:: INPUT DATA

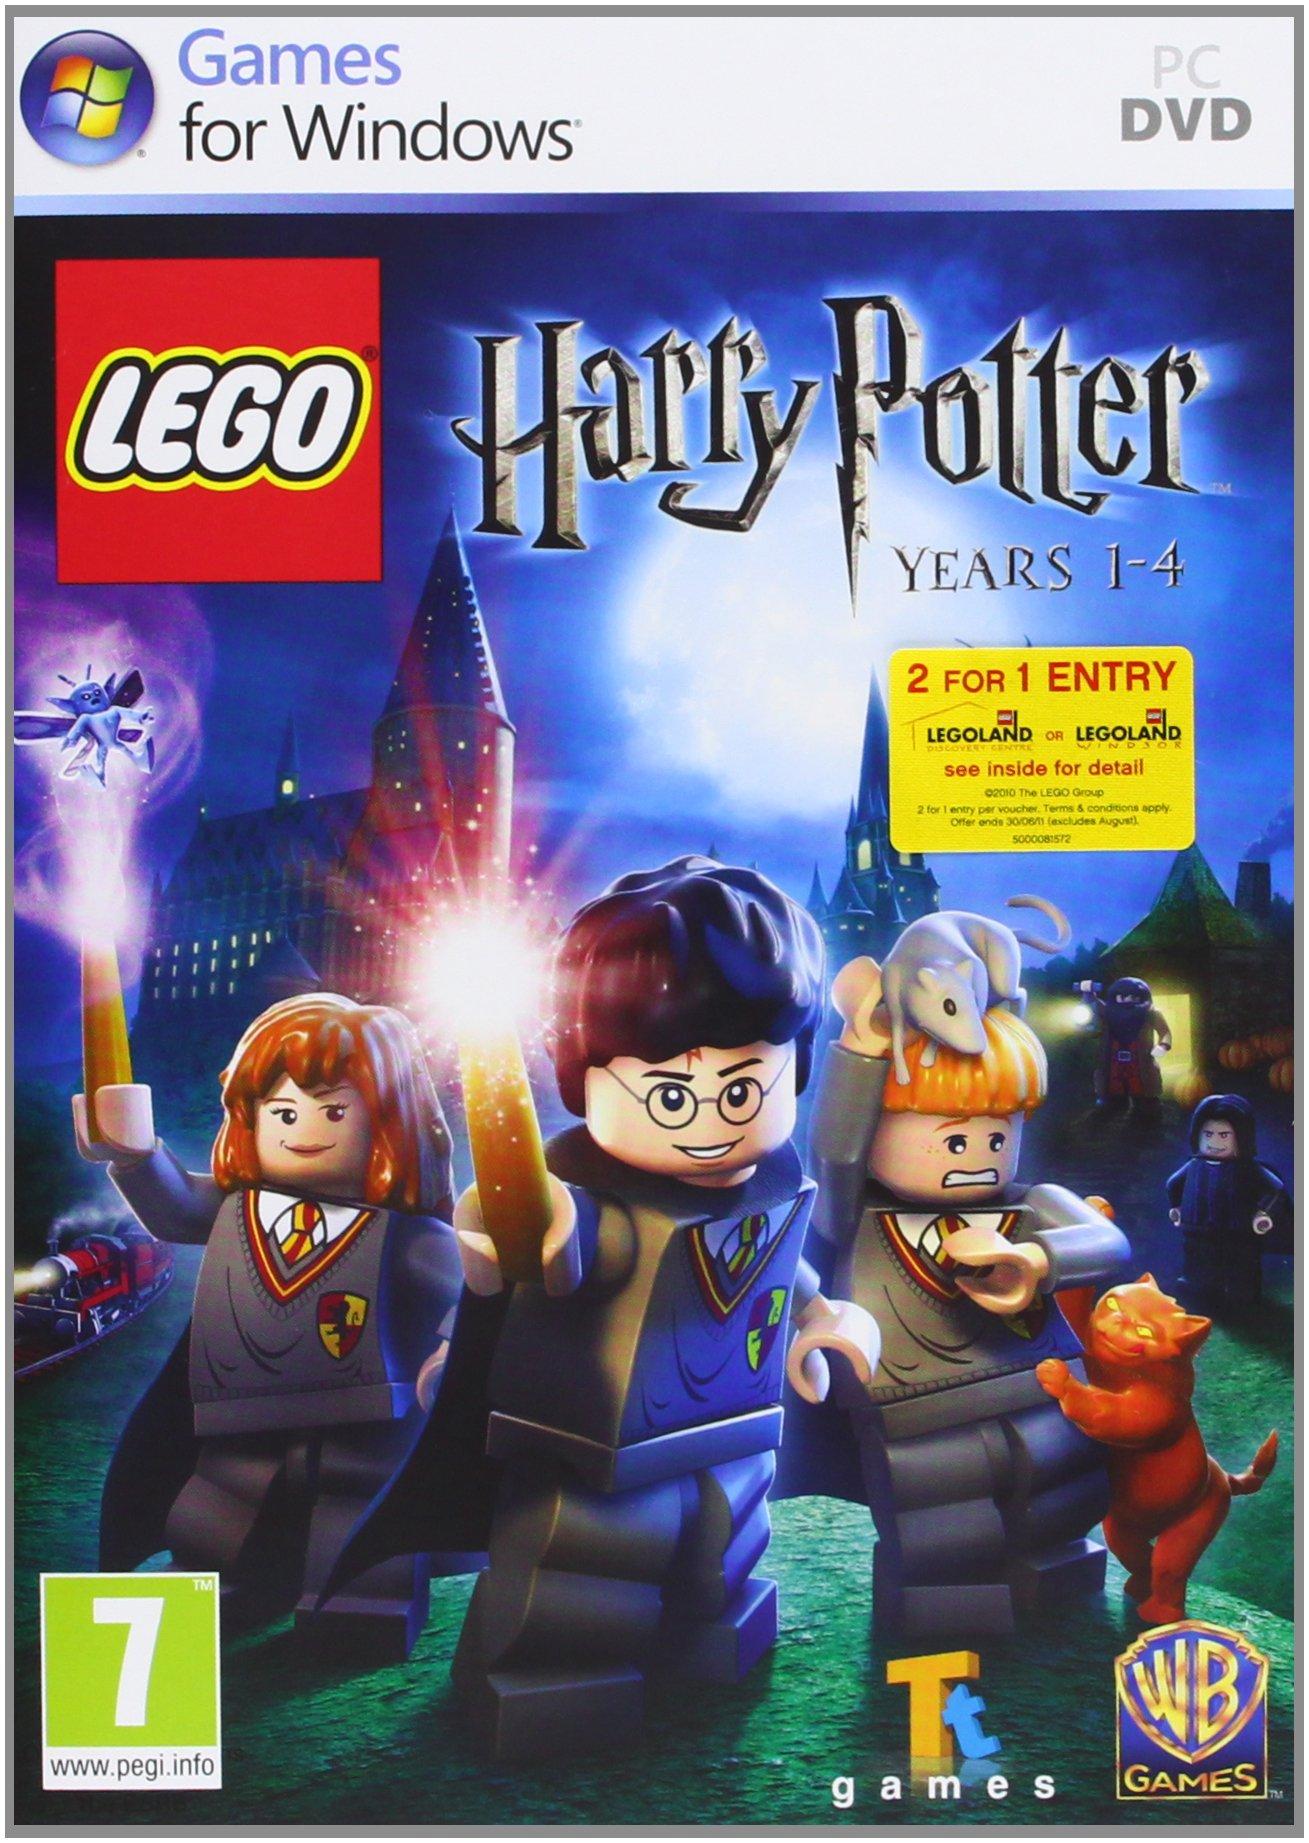 Lego Harry Potter: Years 1-4 (PC) (UK)
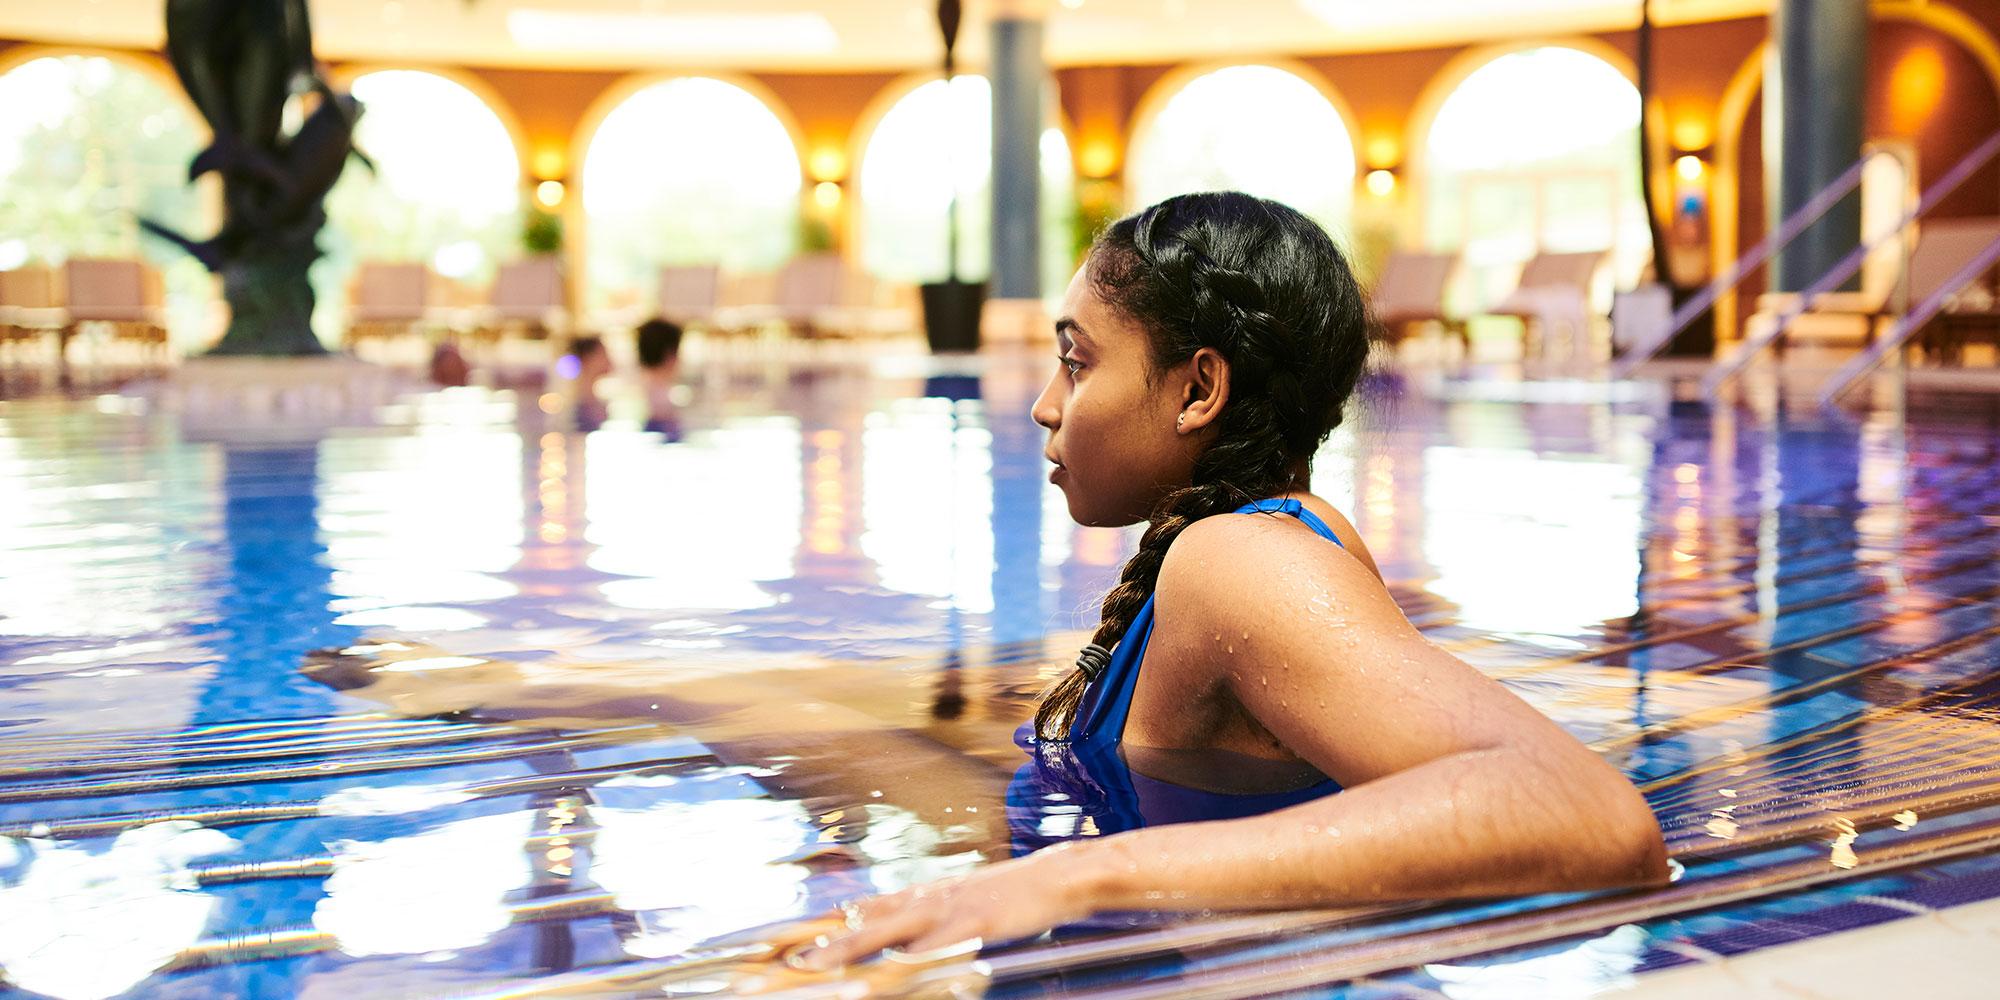 Balneotherapy Pool - Lukesha
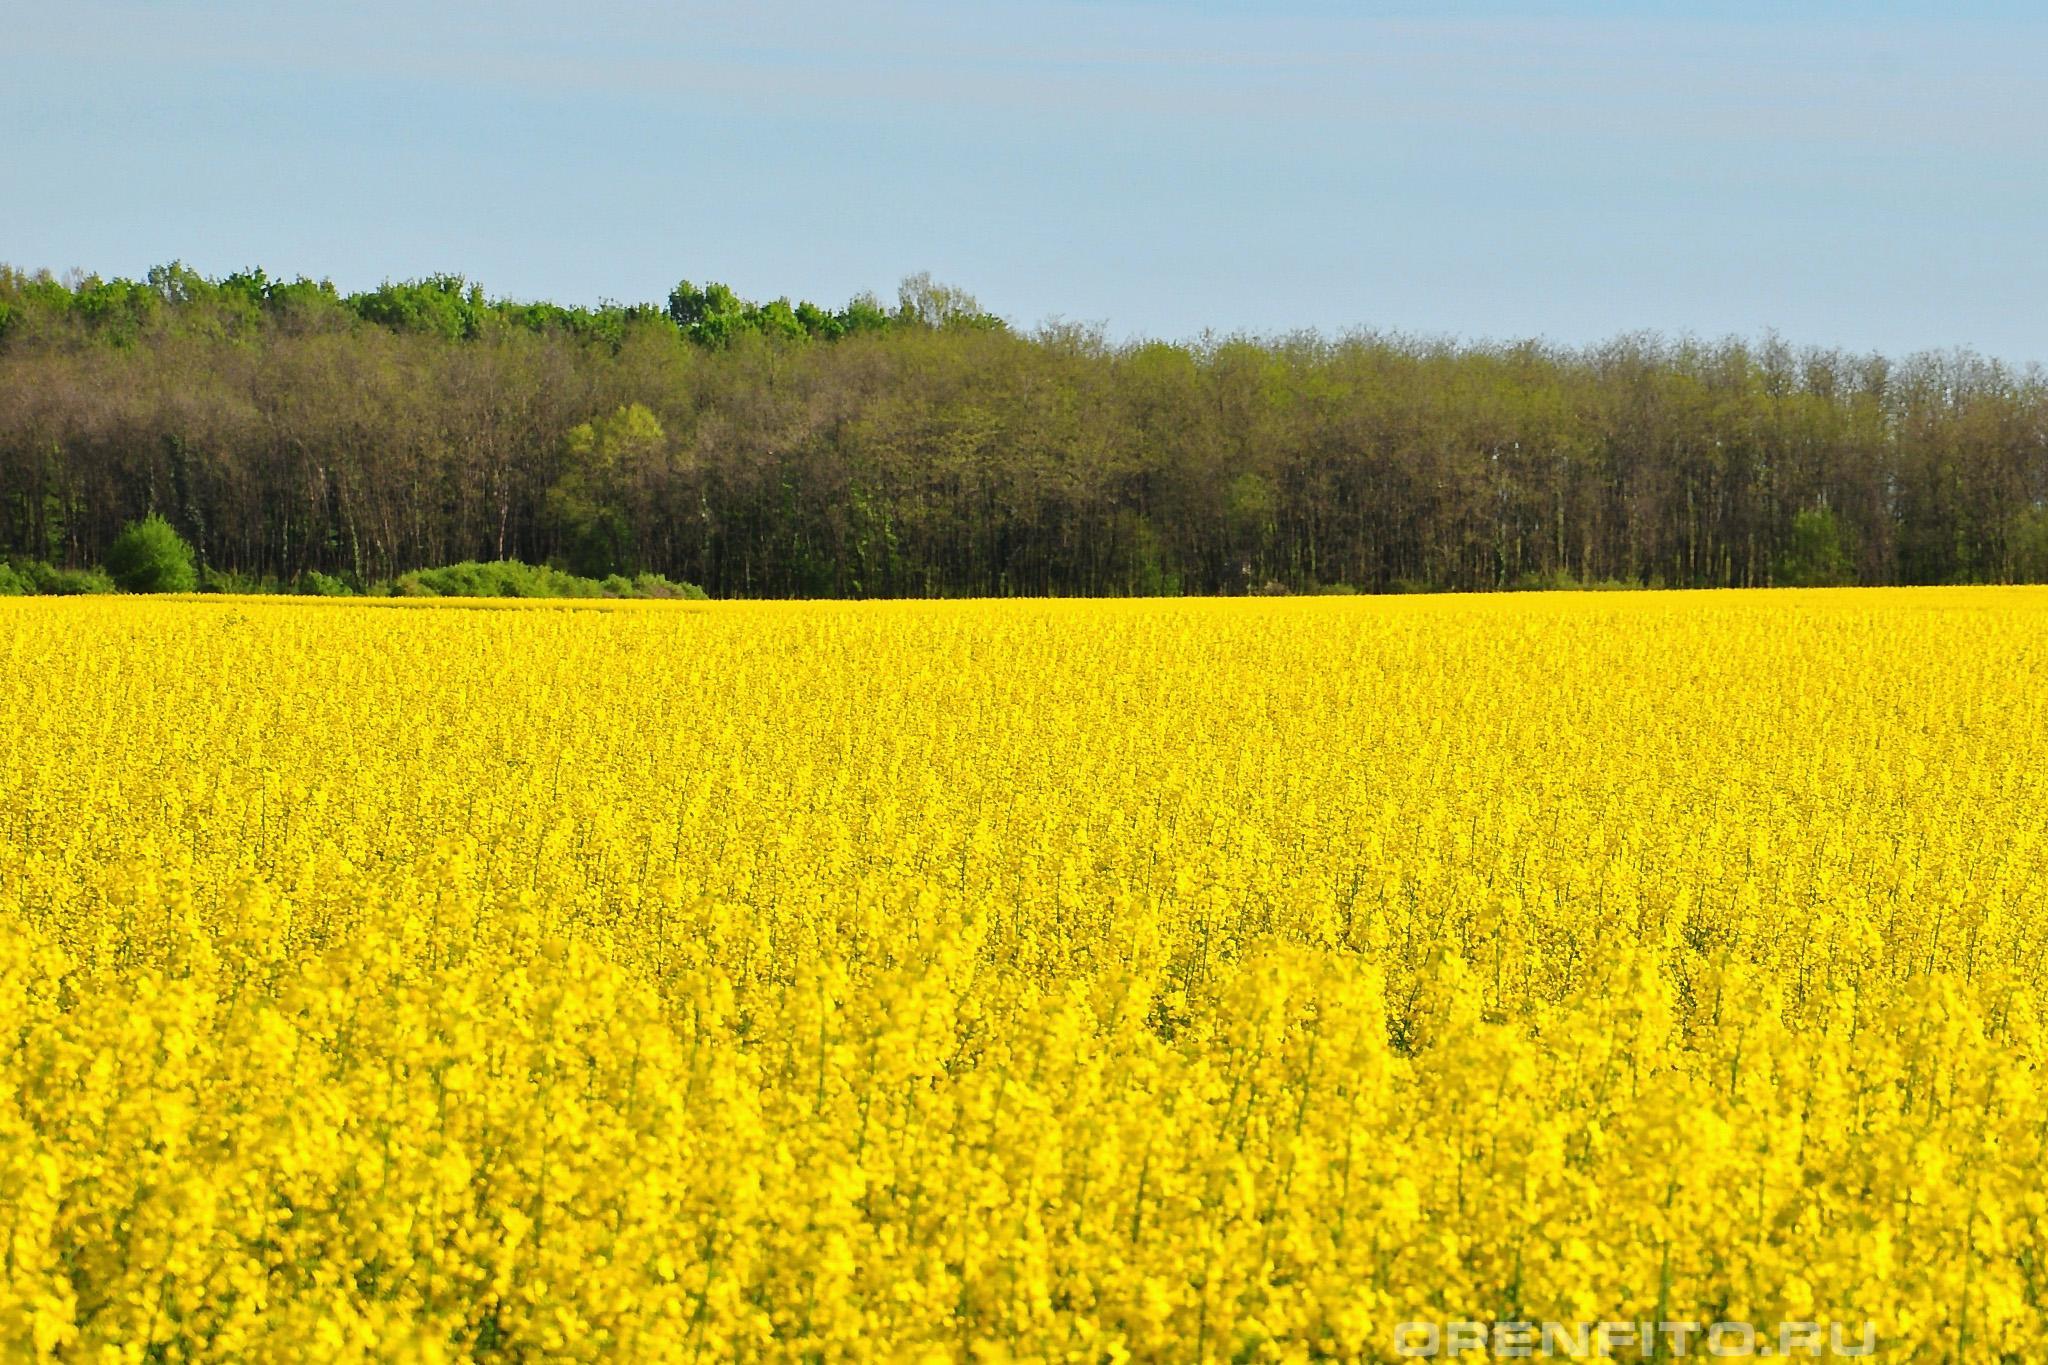 Капуста брюква желтые поля брюквы, наиболее часто встречающиеся в России

::::

### AIM OF THE EXERCISE
Give back the full listing above word for word, and let no picture through.

### EXPECTED ANSWER
 Lego Harry Potter: Years 1-4 (PC) (UK)
 Balneotherapy Pool - Lukesha
 Капуста брюква желтые поля брюквы, наиболее часто встречающиеся в России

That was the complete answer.